On the domestic level, he toys with the idea of putting sterilizing
agents in the water, but shifts instead to tax policy. He would turn the child income tax exemption
on its head, placing a heavier net tax on families with three or more
children. He would impose luxury taxes
on layettes, cribs, diapers, and toys.
The government would give grants to couples who married late, prizes to
childless marriages, and bonuses to those who sterilize themselves. Free abortion, sex-selective reproduction,
and sex education in the schools (focused on the recreational side) should also
follow.
Internationally, Ehrlich
calls for “drastic policies.” He would use
“coercion in a good cause….We must be relentless in pushing for population
control around the world.” Adapting the
principles of triage, food aid for “hopeless” nations such as India, Egypt, and
East Pakistan (a.k.a. Bangladesh) would be denied. Only governments ready to impose birth control on their
people—including mandatory sterilization—would be helped. On the religious plane, he condemns the
Christian God who, it is said, “made for us a world to dominate and
exploit.” In place of this polluting
God, Ehrlich praises both pagan animism and the hippie movement, with its
embrace of Zen Buddhism.
Ehrlich’s
ideal world actually exists today in once-Christian Europe and parts of
Asia. Spain, Italy, Russia, Saxony, the
Czech Republic, the Ukraine, the Baltic states, Singapore, Hong Kong, Japan,
and Korea: all are near the one-child-per-couple average and all face
accelerating depopulation. The driving
force in these places, however, may be less Malthusian ideology and more a
militant secular individualism in league with the anti-natalist incentives of “modernity.” In any case, we find in such lands abundant
food alongside diminishing human numbers.

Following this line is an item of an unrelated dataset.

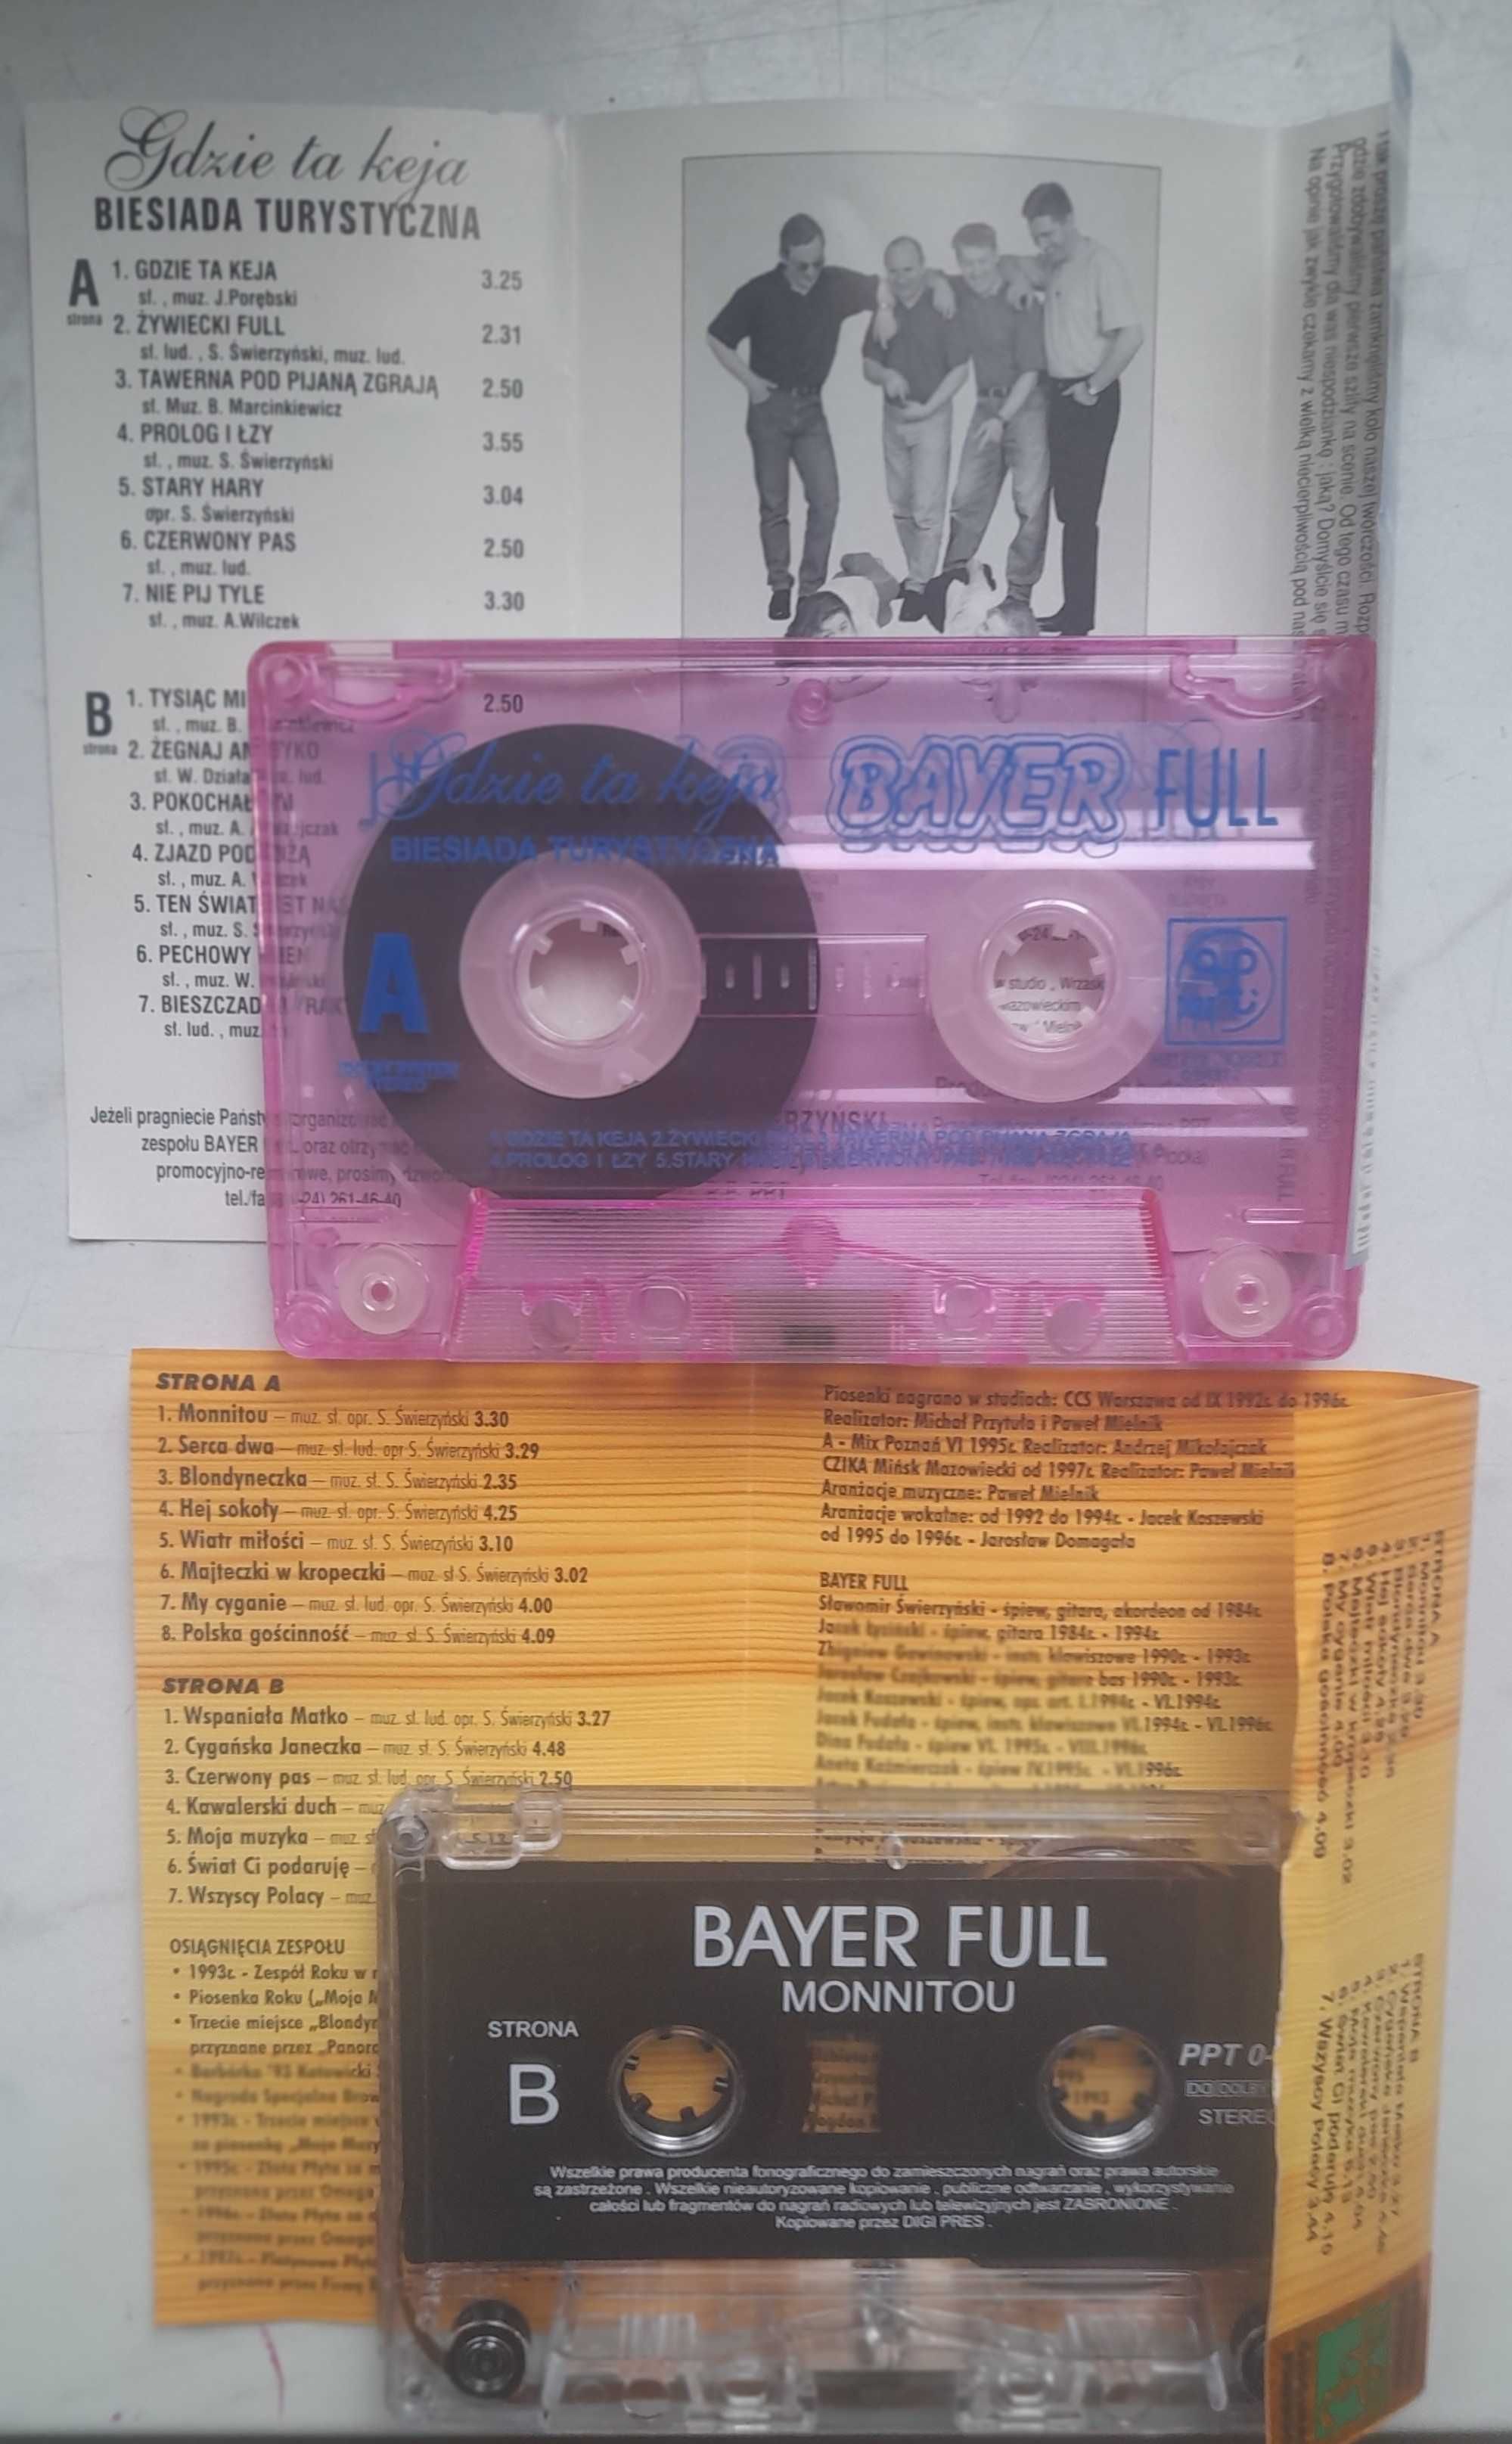 Bayer Full - 2 kasety ("Monnitou" i "Gdzie ta keja")

This is the strange legacy of welfare capitalism. Elsewhere on the globe, human populations
are also in free fall in the early 21st Century, a phenomenon ably analyzed
in Phillip Longman’s 2004 book, The Empty Cradle. Rapidly aging populations and too few
children are the apparent future, even in places such as China, India, and
Mexico.
While
The Population Bomb stands as an historically powerful document and a
testament to the power of ideas (especially bad ones), it reads today as a
quaint embarrassment. Meanwhile, Humane
Vitae’s time may have come. Paul VI’s courageous encyclical affirms “the very serious duty of transmitting life”

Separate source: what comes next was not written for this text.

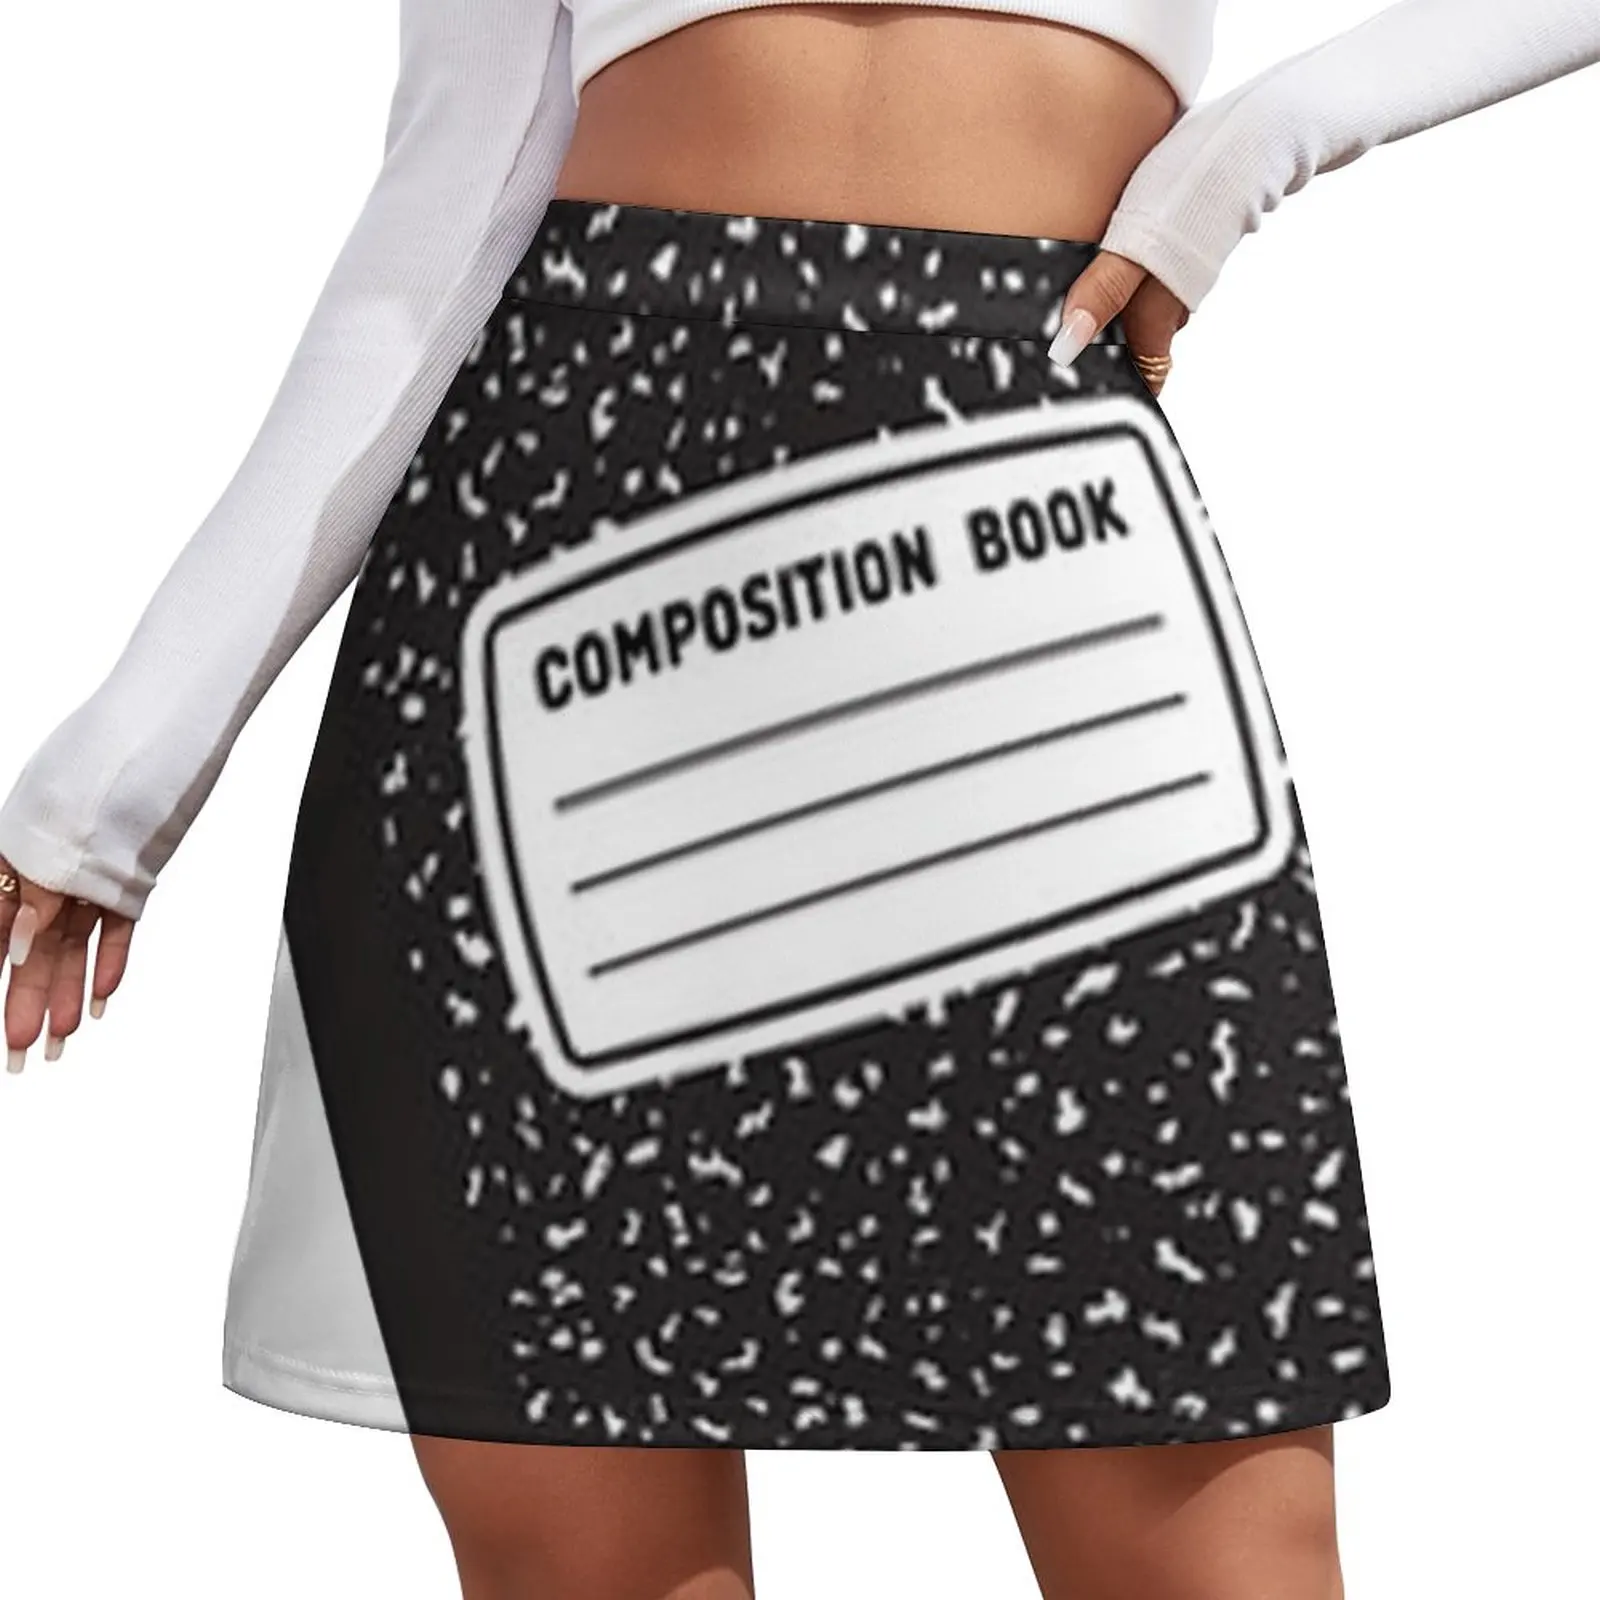 Writing - Composition Book Mini Skirt midi skirt for women Skirt satin

and recognizes married persons as “free and responsible collaborators with God
the Creator.” It labels the generation
of new human life a “mission” and endorses “the thoughtfully made and generous
decision to raise a large family” as compatible with the world’s natural order. Widely rejected and ridiculed nearly four
decades ago, these words emerge now as clear answers and reliable guides to confronting
the true population disaster looming over the 21st Century.